There is one thing, I have learned to love myself.

It’s like Marmite, you either love it or hate it; same with the phrase above. I am slowly learning how my time spent on irrelevant topics has consumed my life. I’ve probably spent more time online, than I have speaking to my parents, and that isn’t right. I should clarify, when I say online, I mean being isolated, just viewing, not communicating with others.

But, I have learned to appreciate myself just that bit more. I realise now that I should not do this to myself, and instead start pursuing something where I actively speak to others. There is a quote, that I always try to remember. “It’s good to remember death, but what is more important is remember to Live”.

I think that is something we should all account for in our lives. Remember to live, and not let life live without you in it. Disengagement is easy, but it is the worst place to be.

Live ❤

Cry.

Hey reader! Hope you’re doing well.

I wanted to remind you that it is okay to express your emotions. There has been times in my life, where I have been unaware of my true feelings. They had been suppressed, covered up by my subconscious. But there is a way to unlock these every once in a while.

This is to cry.

Well it can be, but it is any way for any person to release their emotions in a safe way. Crying is something many people find effective, and something I had forgotten about.

It may just be me, but there is conditioned response to stop myself from crying. I’ve never really done it as I was embarrassed to, I was quite the cryer when I was younger due to some personal issues.

So I was embarrassed? Who cares? The important thing is I’ve recognised this, understanding my mentality.
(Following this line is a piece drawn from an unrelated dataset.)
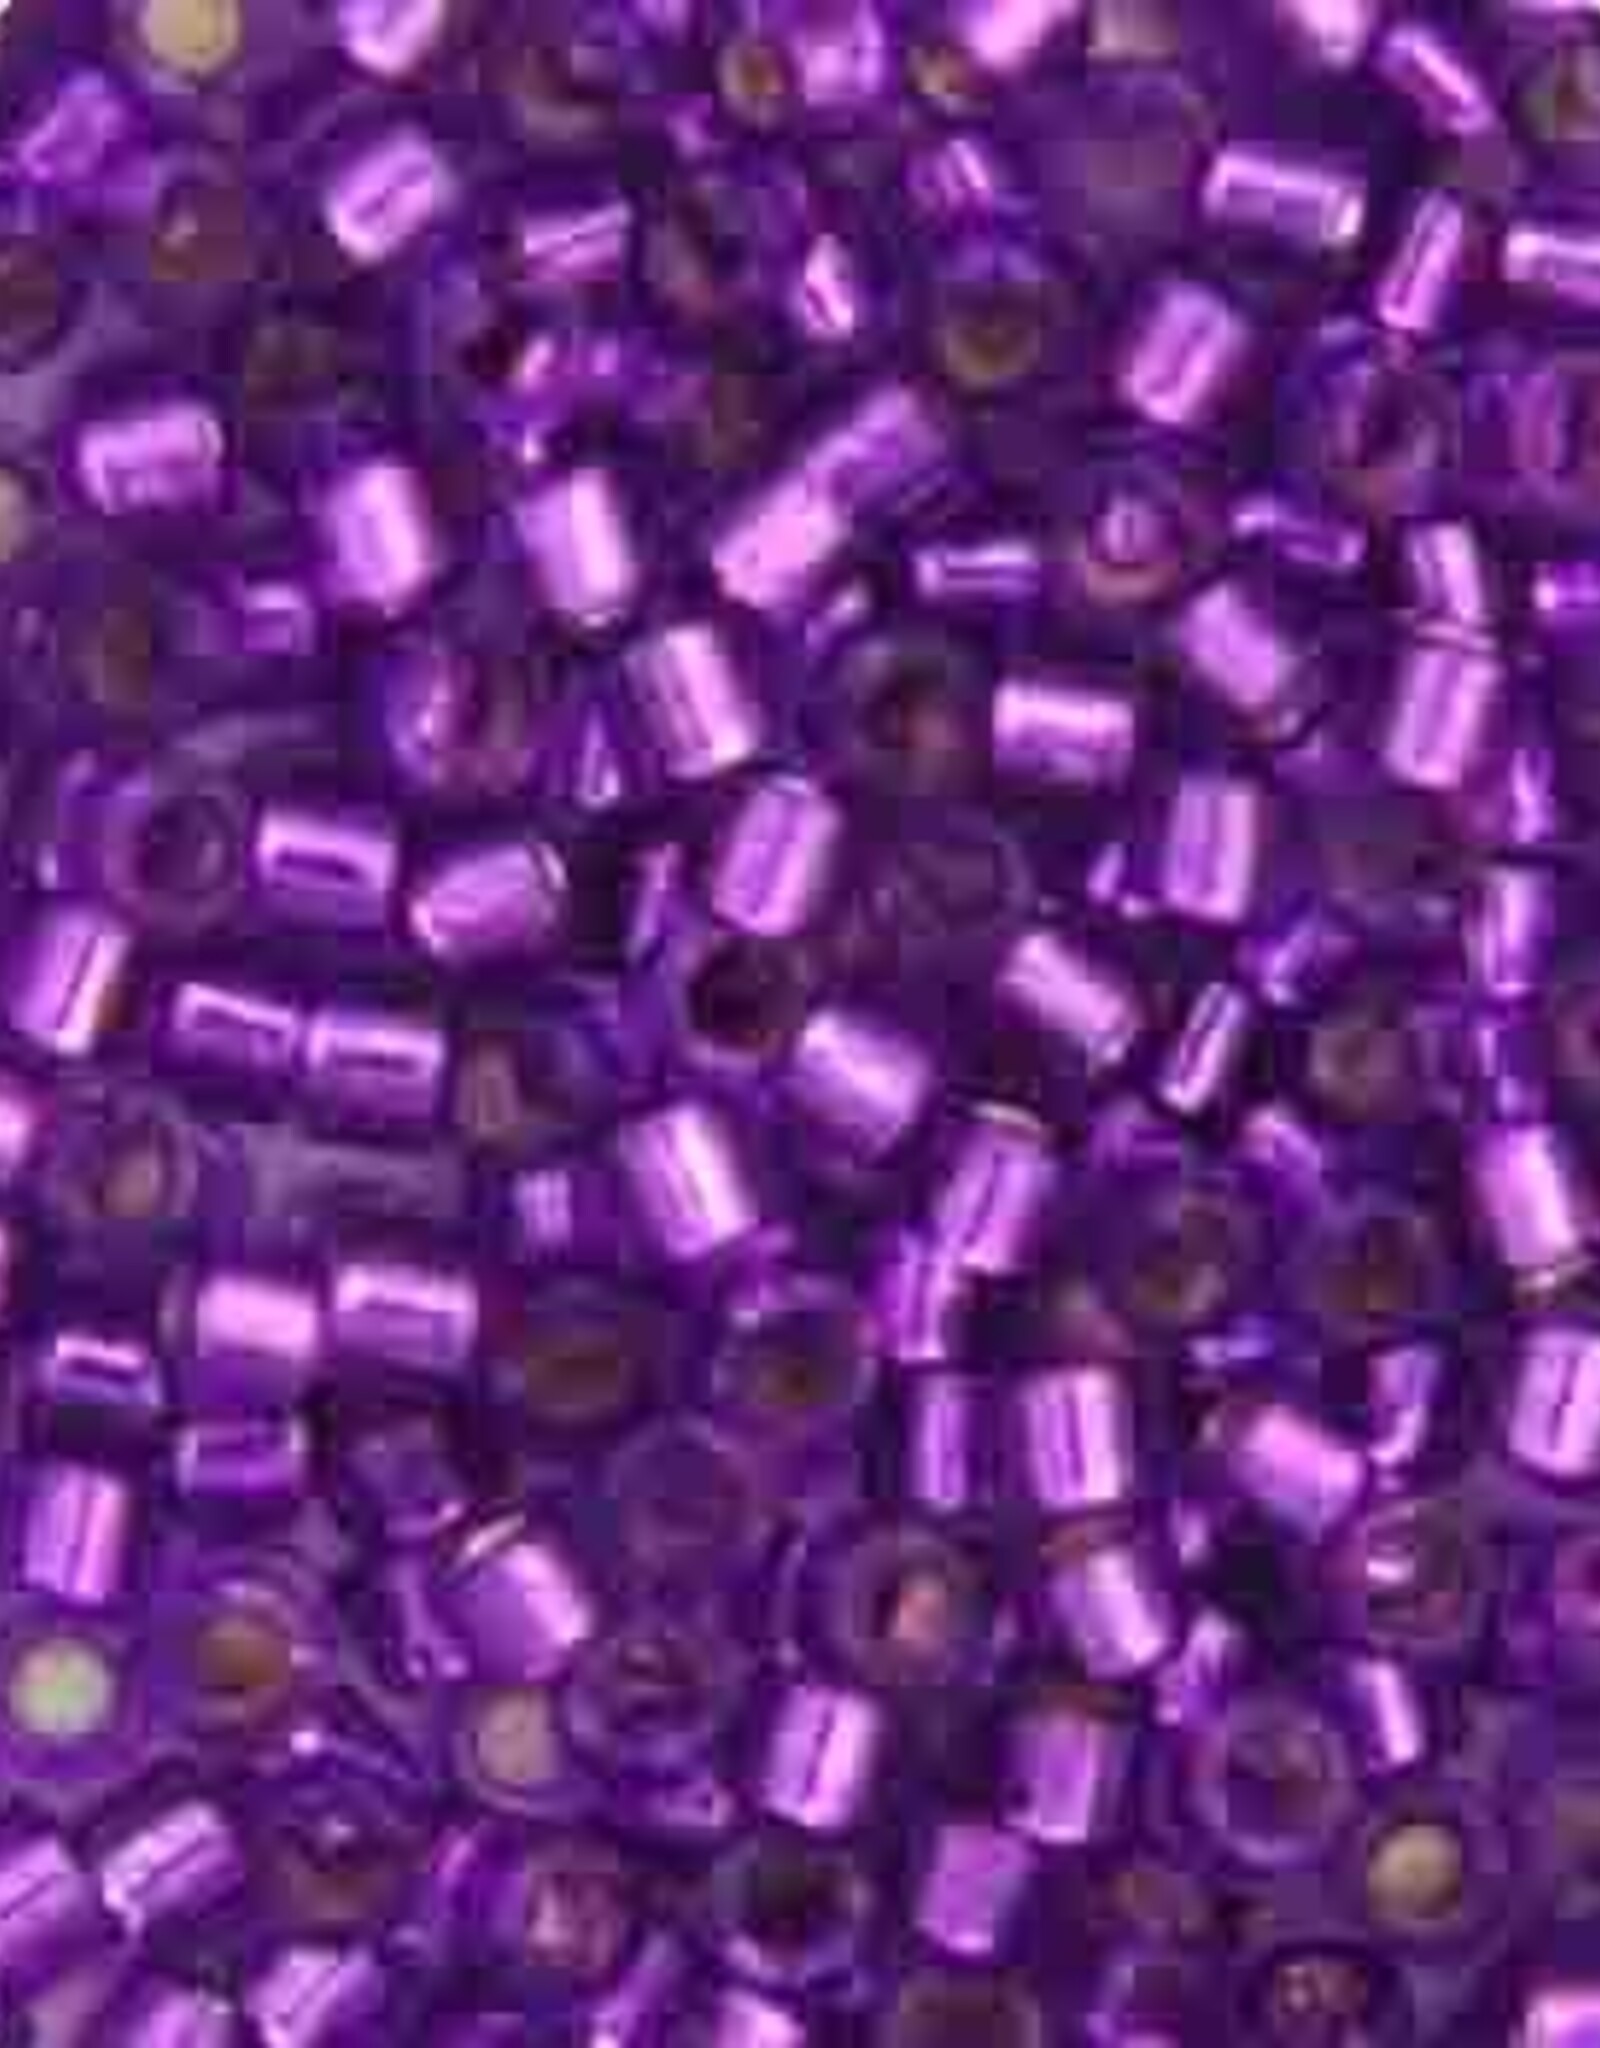 Miyuki Delica Seed Beads Delica Program 11/0 RD Magenta Silver Lined-Dyed 1345V

I don’t have to act so manly or grown up. Even adults cry.

It’s good, even if you’re not crying about the issue, it exposes your subconscious. Maybe you’ll find out something important about yourself through it.
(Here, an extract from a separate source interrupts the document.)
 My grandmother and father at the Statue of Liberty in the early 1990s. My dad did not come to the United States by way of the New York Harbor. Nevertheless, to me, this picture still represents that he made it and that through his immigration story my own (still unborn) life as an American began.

So please, don’t hide your emotions, they are apart of you.

Dating

I wanted to stress some thing , which is very easy to overlook.

Dating is great. You get to meet cool people, get to know them even better, and have a wonderful time with them. Not to mention, the other things.

But there seems to be this trend, especially with people my age, where you always have to be dating. This isn’t true, for some reason it’s becoming the norm.

I’m no dating expert myself, but from what I do know is there is no rush to find the perfect person. With apps like Tinder, Bumble and Hinge, they want you to find a date. Sometimes, you are not ready to be dating someone, maybe you need to give yourself time to grow.

I started noticing this about a year ago l, when I’d be taking to a girl, and then would evaluate what I was saying; I wasn’t a man, I was a boy, with a feeble understanding of the real world. With that mindset, no girl is going to change your mind.

There’s always this rush to be in things. The rush to be in a relationship, the rush to hold someone before anybody else. If there is someone out there for you, let them know, but remember to check if you’re okay too. Life is too short to not go for chances, but it’s also too short if you mess them all up.

Go with your gut. But when you’re dating, check that you’re in the right place to date.

Don’t care about unimportant stuff.

It is as simple as that. When there is something present in your life, that you know is unimportant, lacks any worth or value, why do you pay attention to it.

In life it is so easy to get caught up in the most minor things, not noticing what’s truly important until it’s right in our face. But trust me, you need to look for it, find it and hold onto what is most important.

The other stuff? Don’t care about it!